Familial hypercholesterolaemia ("FH") is an inherited disease caused by variations in genes related to the clearance of LDL-cholesterol (the so-called "bad cholesterol"). As a result, FH increases the levels of LDL-cholesterol from birth within the blood stream. Over time, this continuous exposure to high LDL-cholesterol results in fat deposits ("atherosclerotic plaques") within the arteries, generally referred to as atherosclerosis. When these plaques become large and/or unstable, they can slow down the blood flow or generate blood clots obstructing the blood flow, causing heart disease or an acute heart attack. Cholesterol-lowering medications decrease levels of LDL-cholesterol, and, when administered early using effective doses, can prevent the development of atherosclerosis and heart diseases/attacks.

FH affects approximately 1 in every 311 individuals but is underdiagnosed, with less than 7% currently identified in the UK. Genetic testing is the most accurate tool for diagnosing FH, but it is expensive and not available everywhere due to a lack of resources. Diagnostic tools called clinical criteria are often used instead of genetic testing in daily clinical practice. These tools use patients' characteristics including cholesterol levels, age at onset of heart diseases and family history, to make a diagnosis. Unfortunately, these tools might not work well in different populations and often fail to accurately identify FH patients. 

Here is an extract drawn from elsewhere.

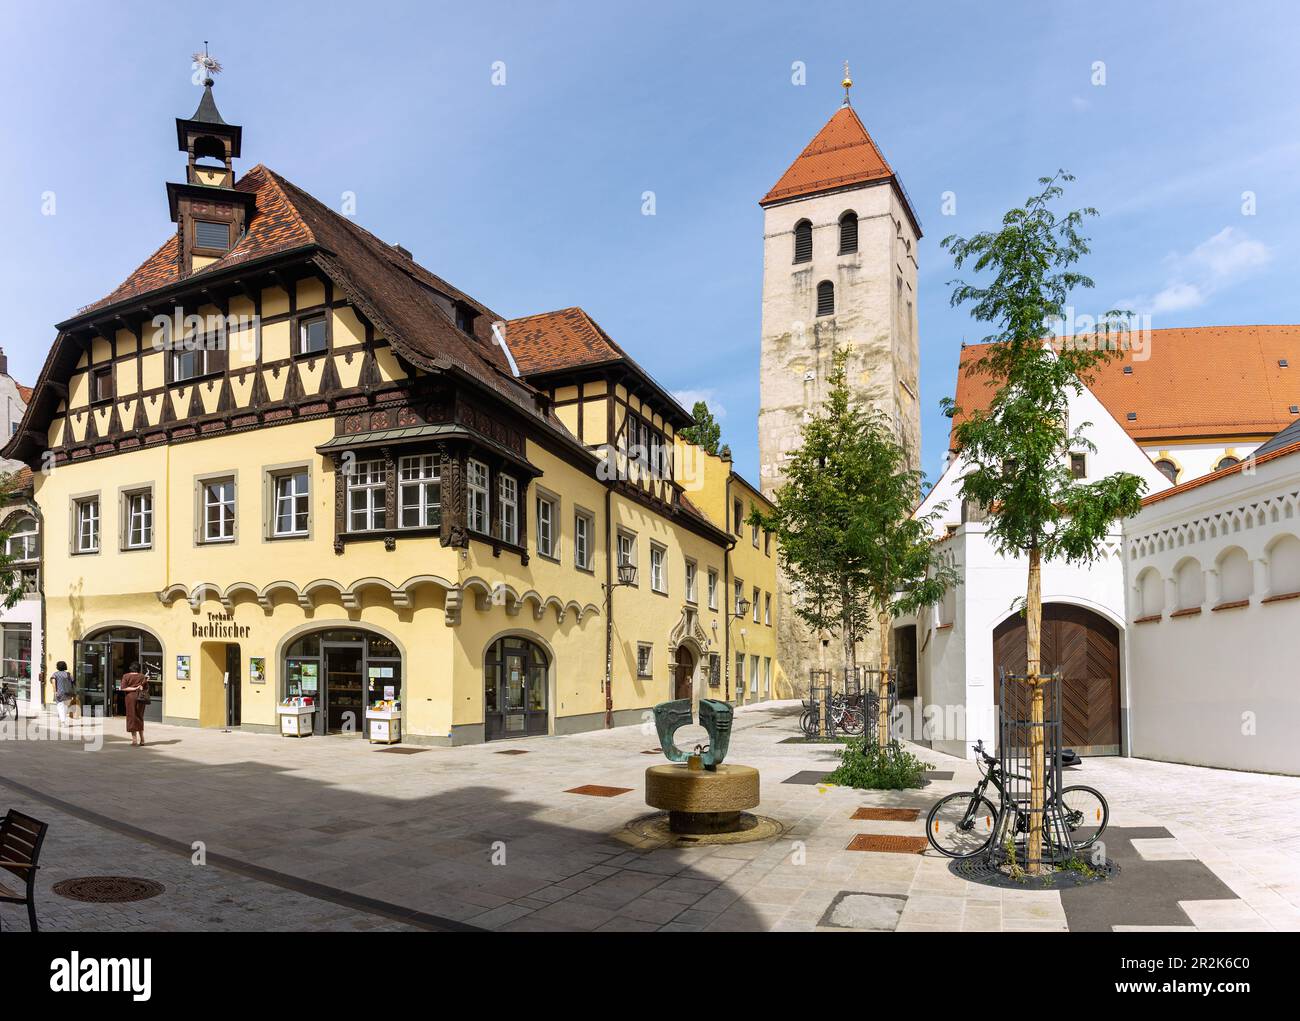 Regensburg; Black Bear Street, Tea House Bachfischer, Old Deanery of the Old Chapel, Campanile of the Collegiate Church of Our Lady of the Old Chapel Stock Photo

With our research, we aim to help find FH patients using a branch of Artificial Intelligence called Machine Learning (ML). ML consists of a set of techniques that allow the replication a specific human behaviour involving reading large amounts of information and making predictions based on the data. ML models are computer software and mathematical models derived from the data that can differentiate between disease-free individuals and affected patients. We believe that ML models can better identify FH patients than clinical diagnostic tools currently used in clinical practices.

The performance of ML models will be compared to the performance of traditional clinical diagnostic tools. This will be done by counting the number of patients who have been misclassified by current diagnostic tools and newly derived ML models. If our ML models outperform clinical diagnostic tools, they will help identify more FH patients, on a national scale and earlier in life, ultimately allowing clinicians to treat more patients and help prevent heart disease. The present proposal over 3 years would be expected to substantially improve the current detection rates of <7% UK and <5% globally, in a cost-effective, scalable fashion.